Yvonne Cremer vom FVN im Interview : „Amateurfußball hat in seiner Beliebtheit nicht gelitten“

Yvonne Cremer ist beim Fußballverband Niederrhein (FVN) zukünftig für die Vereinsberatung zuständig. Im Interview spricht sie über ihre neue Rolle, die Mitglieder-Entwicklung und welche Signalwirkung Donata Hopfen als erste Frau an der Spitze der DFL hat.

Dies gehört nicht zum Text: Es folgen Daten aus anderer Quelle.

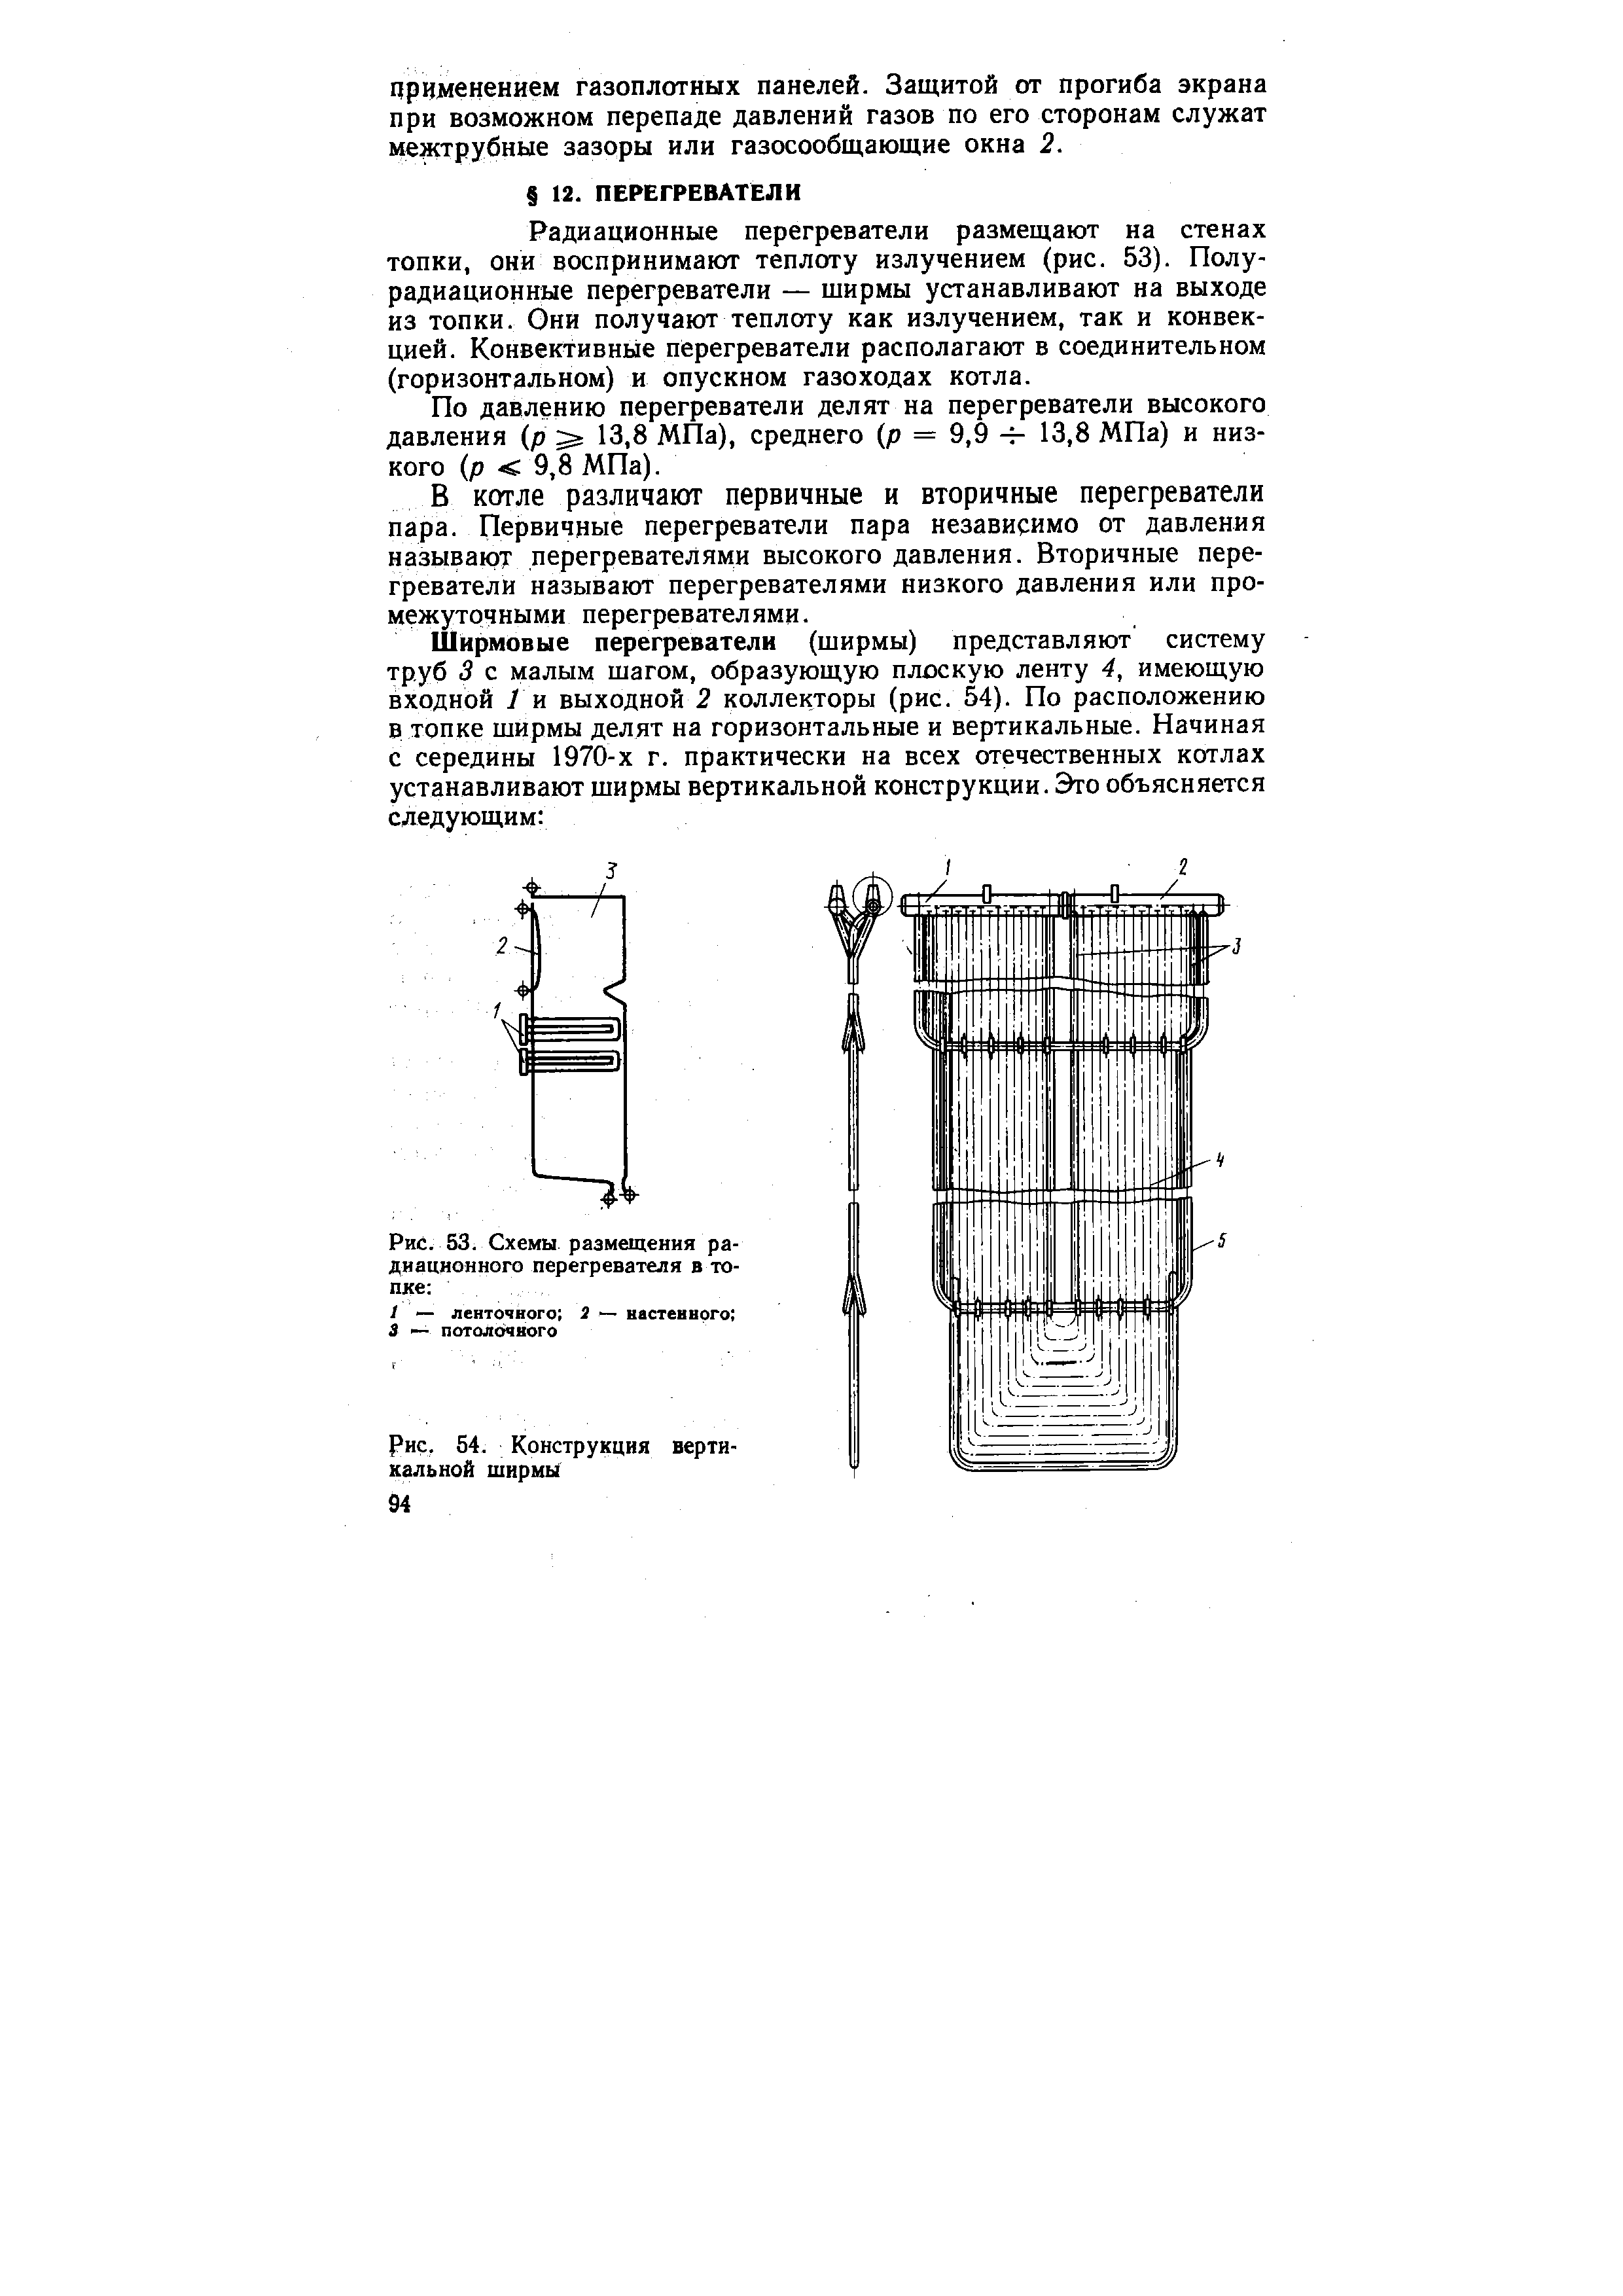 Рис. 54. Конструкция вертикальной ширмы

Frau Cremer, Sie haben eine neue Aufgabe beim Fußballverband Niederrhein (FVN) übernommen und gehören jetzt dem Präsidium an. Wie sieht Ihr Aufgabengebiet genau aus?

Yvonne Cremer Der nun implementierte Bereich der Vereinsberatung soll das Dienstleistungsangebot für die Vereine erweitern und prominenter machen. Seit Jahresbeginn 2021 sind im Verbandsgebiet neben Jörg Hahn mit Jürgen Krämer, Tanja Hambloch und Martin Walz drei Klub-Berater eingesetzt, die in Kontakt mit den Vereinen treten und über verschiedene Abfragen dokumentieren, welche Fragen und Problemstellungen die Vereine beschäftigen. Wir bereiten die Daten auf und entwickeln auf dieser Basis Arbeitshilfen, die sofortige Antworten geben, aber zudem auch Grundlage für die Entwicklung weiterer Lösungkonzepte sind.

Wie wichtig ist das aus ihrer Sicht für die Vereine, gerade in Bezug auf Probleme, die aus dem Corona-Lockdown erwachsen sind?

Cremer Die Pandemie hat noch einmal neue Fragestellungen aufgebracht. Ein Verein ist in den meisten Fällen ein selbstorganisiertes, geschlossenes System, in dem die Probleme selbst gelöst werden. Der Verband bietet bereits seit Jahren Arbeitshilfen für Vereine, die aber nicht ausreichend bekannt sind. Wir möchten es schaffen, hier als Dienstleister wahrgenommen zu werden, das Angebot zu erweitern, bekannter zu machen und durch einen direkten Austausch mit den Vereinen die Themen und Fragestellungen gemeinsam und effizient anzugehen.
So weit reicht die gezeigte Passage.